We get the matching list first using the XPath () method Tests,tests is a _element object

>>> tests = html.xpath(‘//a‘)

(1) Attribute tag return label signature

>>> for test in tests:        test.tag‘a‘‘a‘‘a‘‘a‘‘a‘

(2) Property attrib returns a dictionary of properties and values

>>> for test in tests:        test.attrib{‘href‘: ‘image1.html‘}{‘href‘: ‘image2.html‘}{‘href‘: ‘image3.html‘}{‘href‘: ‘image4.html‘}{‘href‘: ‘image5.html‘}

(3) Method get() Returns the value of the specified property

>>> for test in tests:        test.get(‘href‘)‘image1.html‘‘image2.html‘‘image3.html‘‘image4.html‘‘image5.html‘

(4) Property text returns text value

>>> for test in tests:        test.text‘Image1‘‘Image2‘‘Image3‘‘Image4‘‘Image5‘

written in the following words : Now we have learned the basic use of requests and lxml.etree modules, the next article we will use them for a basic crawler training, thank you

Basic use of XPath in Python

Contact Us

The content source of this page is from Internet, which doesn't represent Alibaba Cloud's opinion; products and services mentioned on that page don't have any relationship with Alibaba Cloud. If the content of the page makes you feel confusing, please write us an email, we will handle the problem within 5 days after receiving your email.

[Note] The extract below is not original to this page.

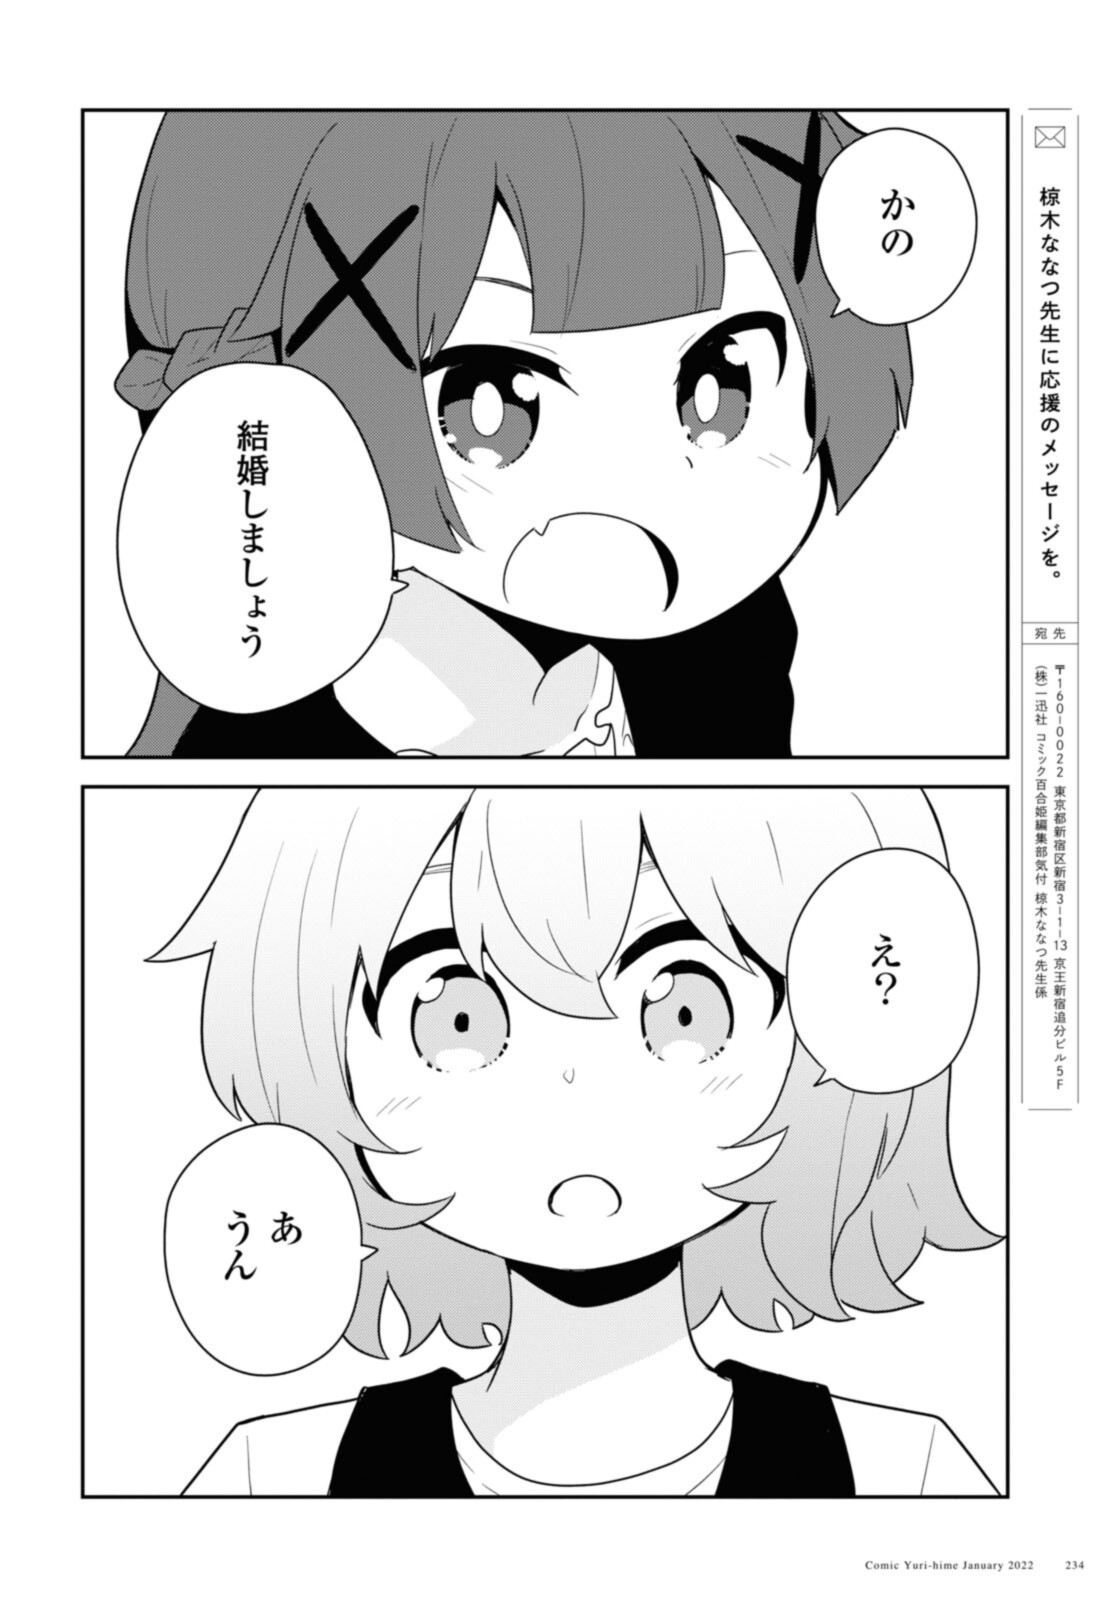 Wataten! An Angel Flew Down to Me 私に天使が舞い降りた！ 第91話 - Page 14
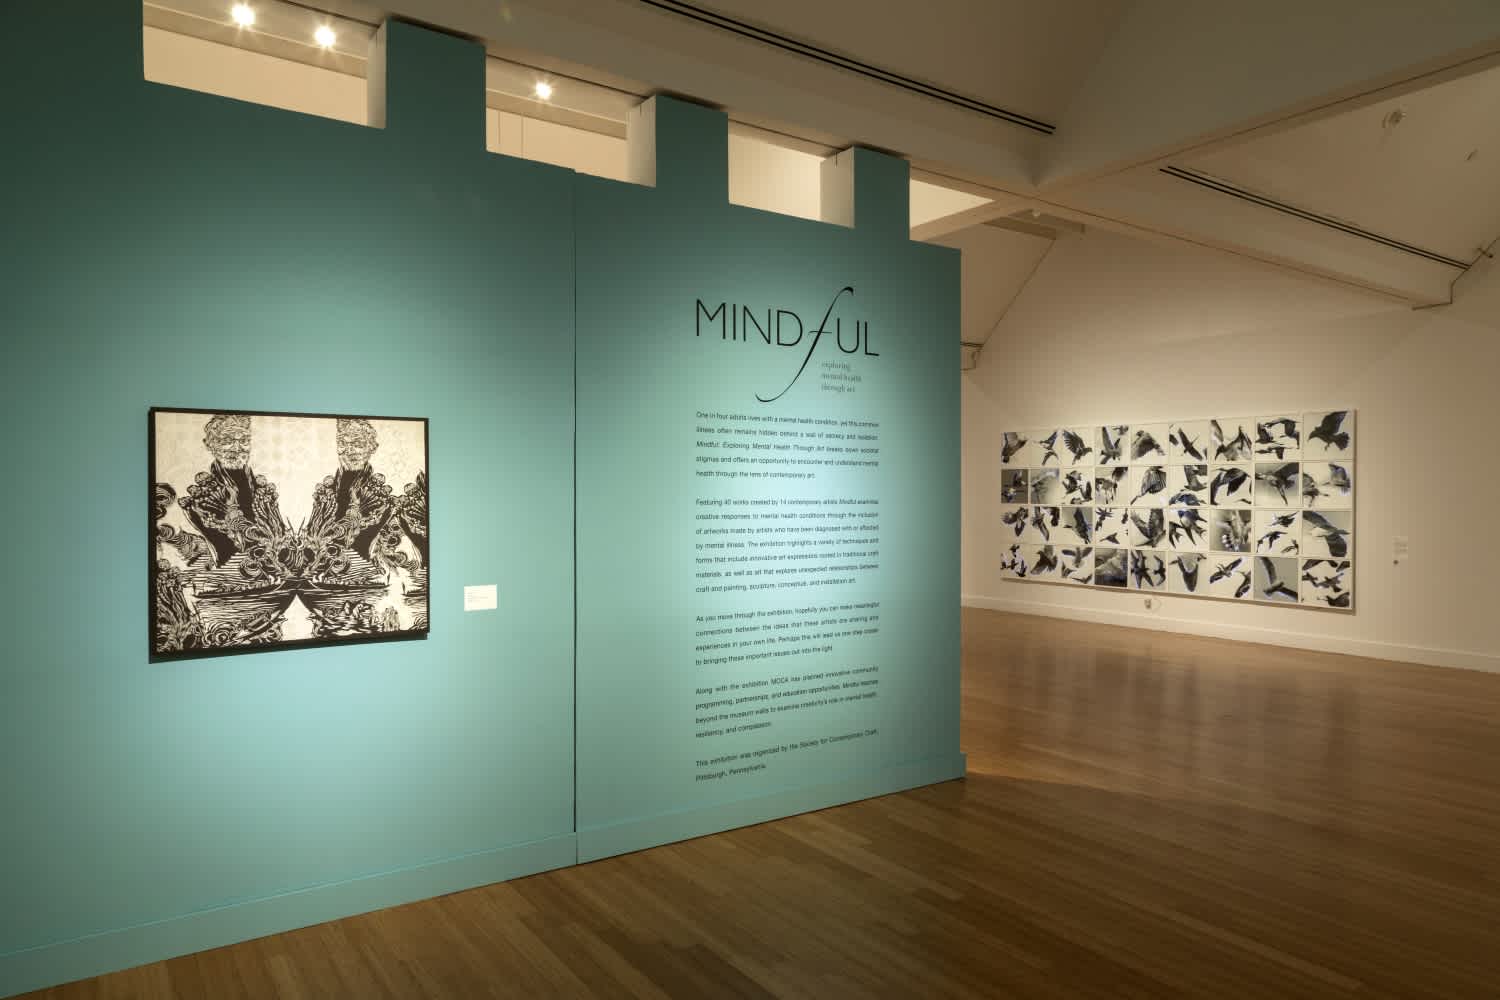 Installation photograph of the beginning of the exhibition Mindful: Exploring Mental Health Through art in the Virginia MOCA galleries. The wall is robin egg blue and introduces the exhibition.

If you find any instances of plagiarism from the community, please send an email to: info-contact@alibabacloud.com and provide relevant evidence. A staff member will contact you within 5 working days.

A Free Trial That Lets You Build Big!

Start building with 50+ products and up to 12 months usage for Elastic Compute Service

  • Sales Support

    1 on 1 presale consultation

  • After-Sales Support

    24/7 Technical Support 6 Free Tickets per Quarter Faster Response

  • Alibaba Cloud offers highly flexible support services tailored to meet your exact needs.